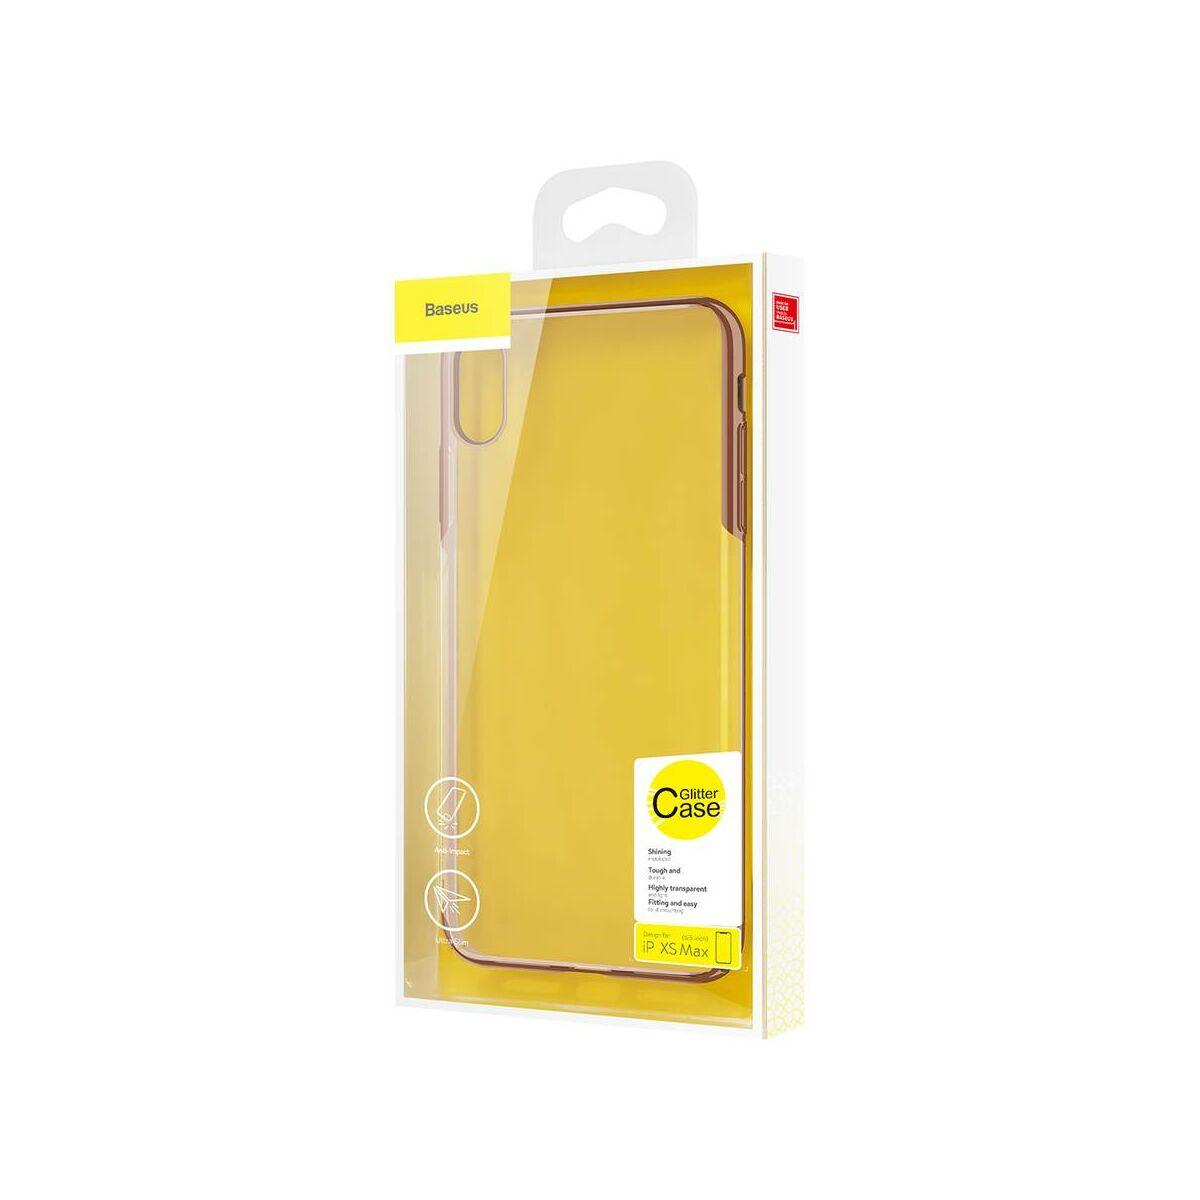 Baseus iPhone XS Max tok, Glitter, arany (WIAPIPH65-DW0V)
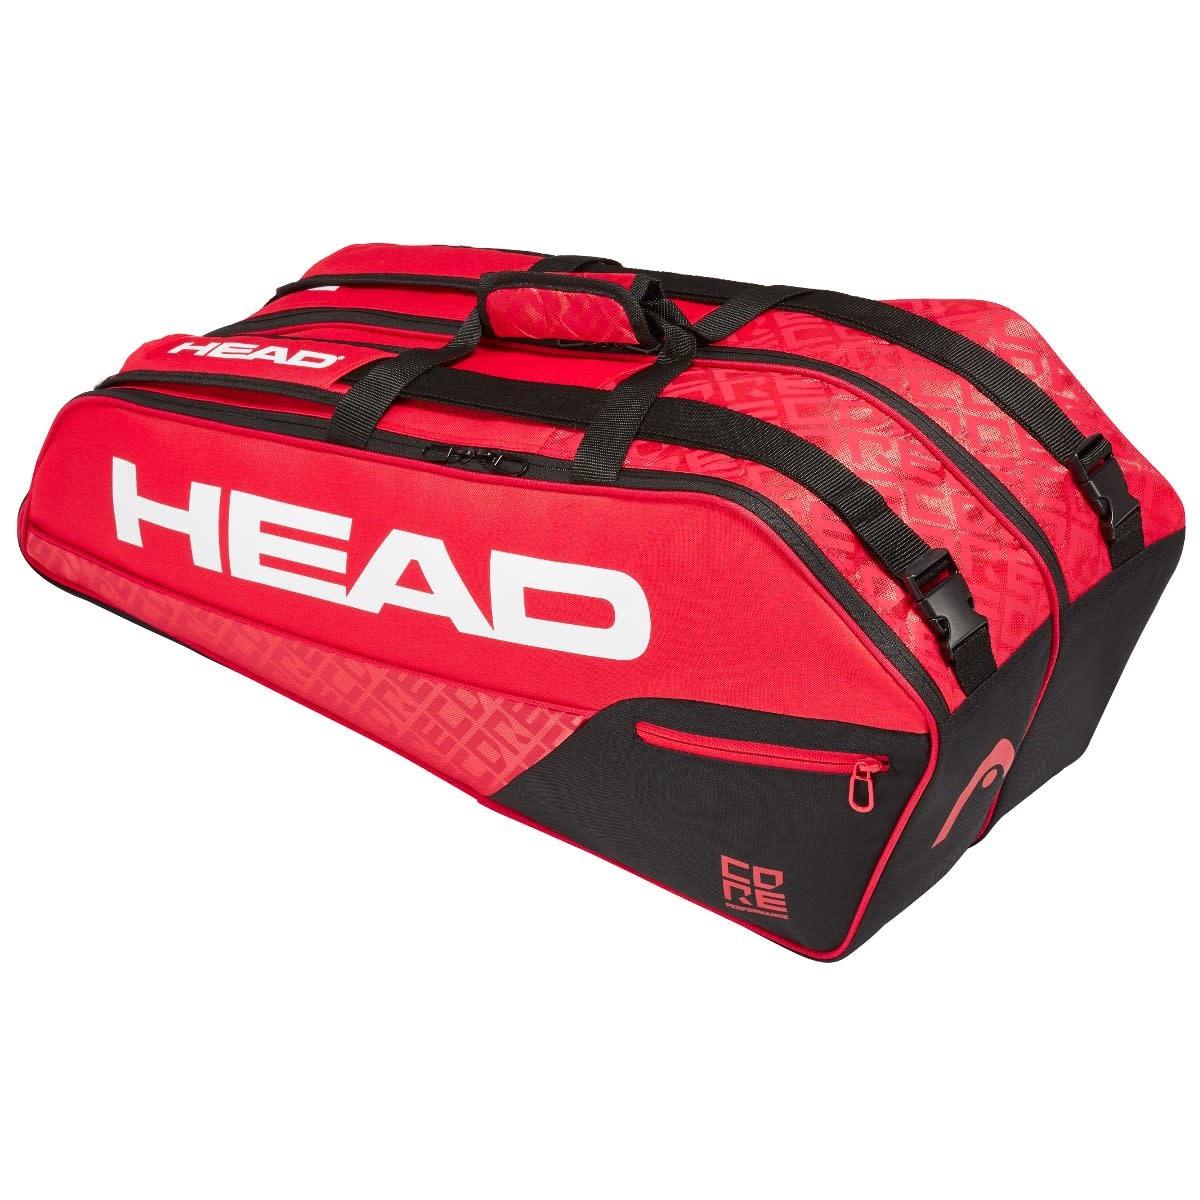 Head Core 6R Combi RDBK
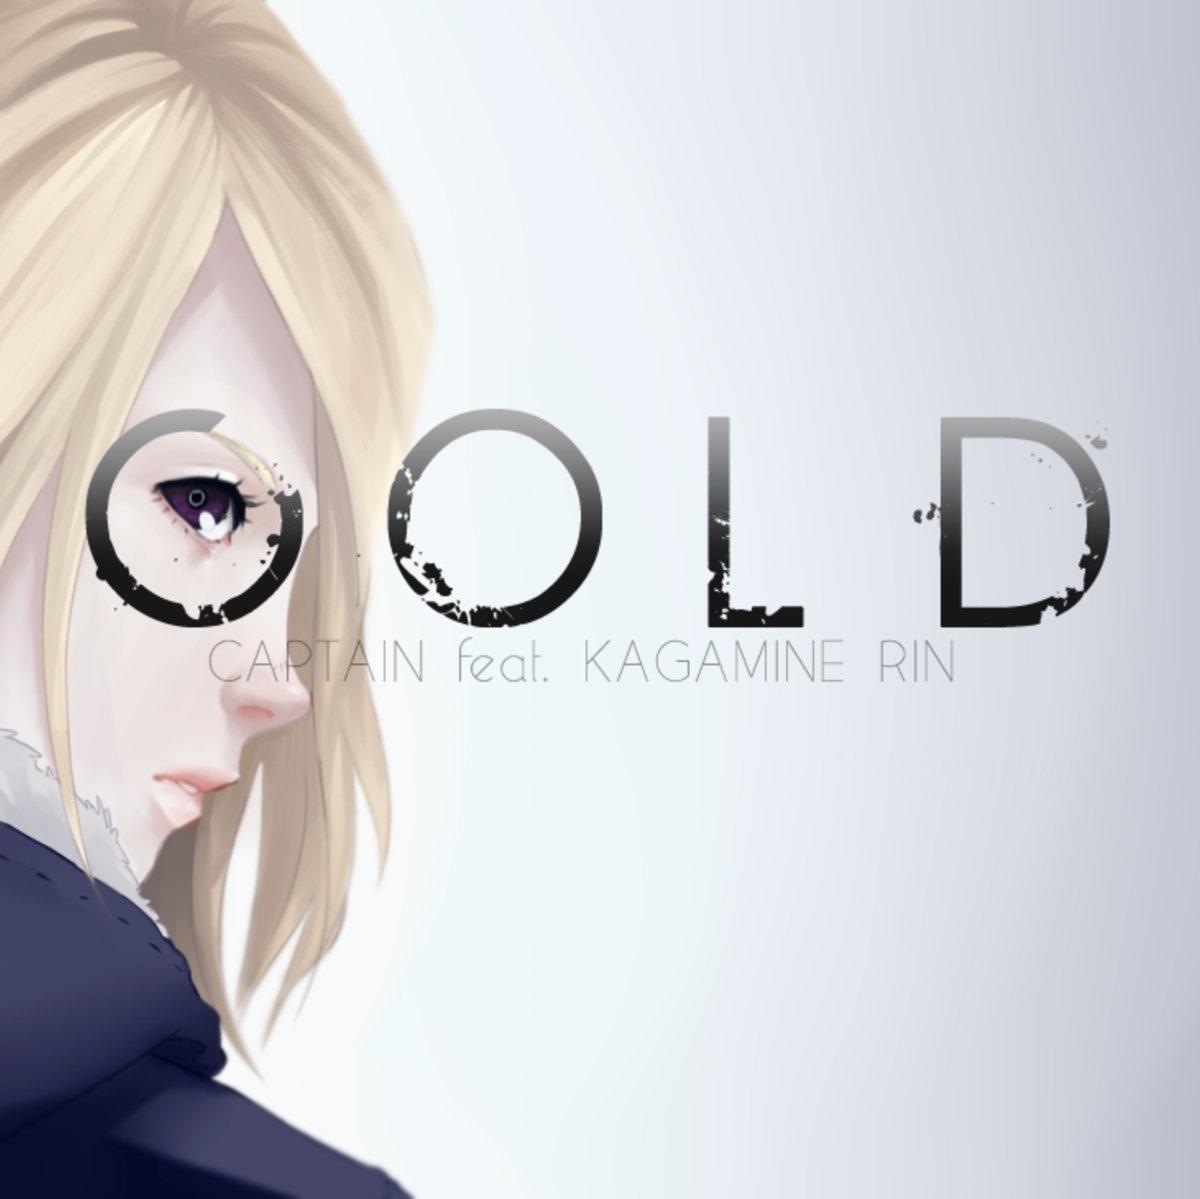 Cold/Captain
########################################
Instructions for the task: Reproduce the listing in full and exactly, excluding any pictures it holds.

Result of the exercise:
 Baseus iPhone XS Max tok, Glitter, arany (WIAPIPH65-DW0V)
 Head Core 6R Combi RDBK
 Cold/Captain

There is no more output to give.